Is this a city sidewalk?

In the cities I have put is sidewalk, they all had specific rules on how they wanted it done, expansion joints, etc. So call them for specs, and you will need expansion joint material between the walk and the curb and gutter, and every ? feet in the walk.

Next hire a finisher that is experienced with city walks, and can set the forms. Now you will find out that the finisher, the concrete supplier, and the other material suppliers made money. But not you, at least you will get some experience and learn a lesson.


----------



## Blas (Jan 29, 2008)

Kgmz said:


> Is this a city sidewalk?
> 
> In the cities I have put is sidewalk, they all had specific rules on how they wanted it done, expansion joints, etc. So call them for specs, and you will need expansion joint material between the walk and the curb and gutter, and every ? feet in the walk.
> 
> Next hire a finisher that is experienced with city walks, and can set the forms. Now you will find out that the finisher, the concrete supplier, and the other material suppliers made money. But not you, at least you will get some experience and learn a lesson.

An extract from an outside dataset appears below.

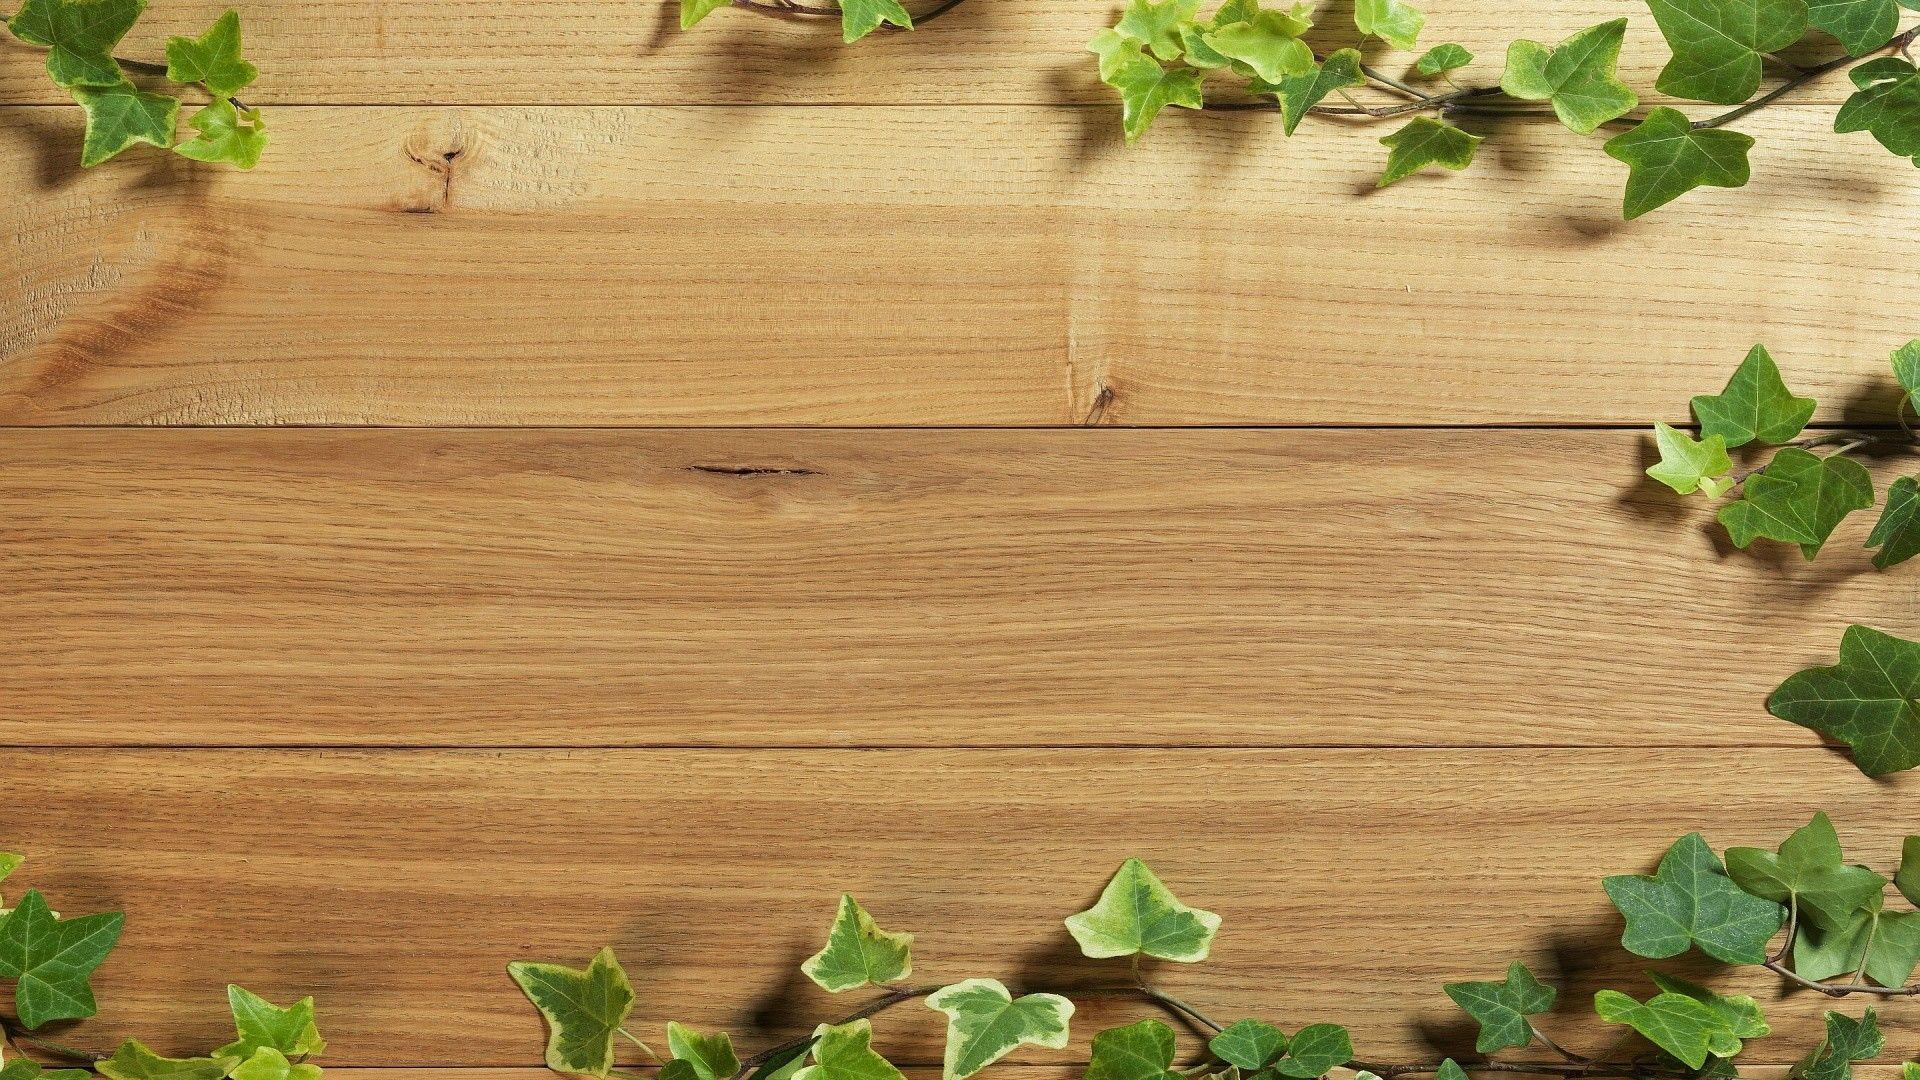 1920x1080 Full Hd 1080p Textures Wallpapers Desktop Backgrounds Hd Wood Wood Wallpaper Plant Wallpaper Desktop Wallpaper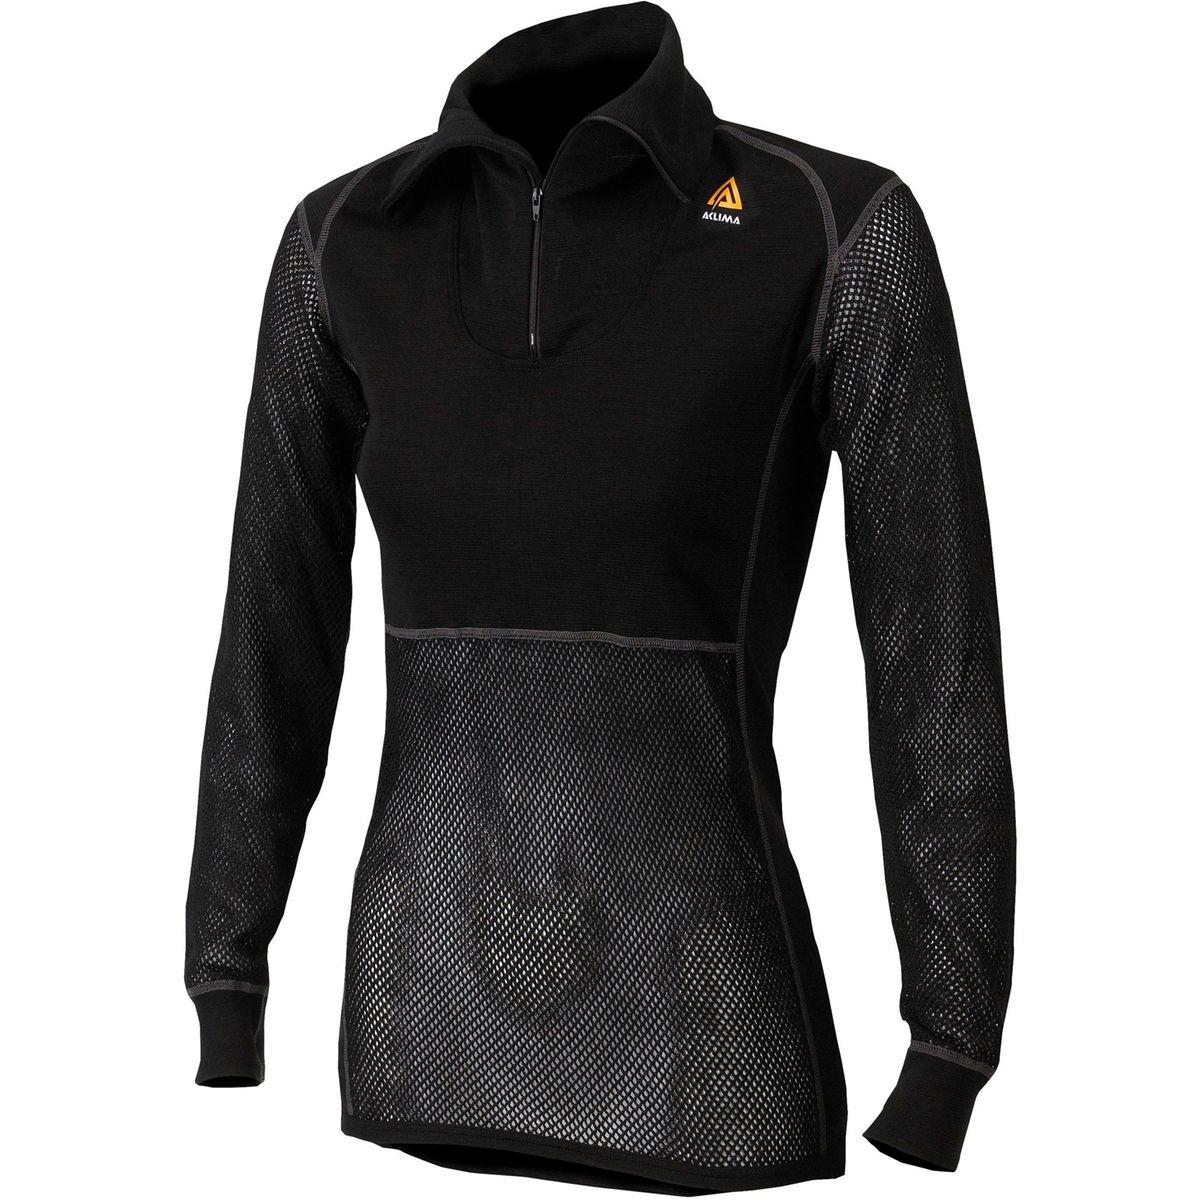 WoolNet - Sous-vêtement Femme - with Zip noir

:laughing::laughing::laughing:


----------



## Celtic (May 23, 2007)

Just mix it up in buckets and pour as you go.


----------



## Little (Jul 22, 2006)

Since this is the most vague question, i'll just give some tips real quick. If the walks are 4" thick then just use your 2x4's on one side of the pour setting it to get your required crosspitch if allowable. Install expansion joint on curb side for the full length of the pour leaving the top of the expansion about a 1/4" higher than the top of the back of the curb so as to not trap water after poured. Codes will dictate how many feet in btw each joint you need to put the expansion joints perpendicular to the curb.


----------



## rselectric1 (Sep 20, 2009)

By the time you buy the material needed to form this job as well as research the specs, you might find you would be better off hiring professionals who already have all the materials and equipment needed to do the job.

If you are the "gc" on this job (as listed on your profile), you must have a concrete contractor that you have used before or at least heard of someone local.

They will know how to work with expansion joints, provide reinforcements/rebar or mesh and size it correctly, observe the slump test, order the right mix and admixtures, etc.

I wouldn't bite this one off yourself.


----------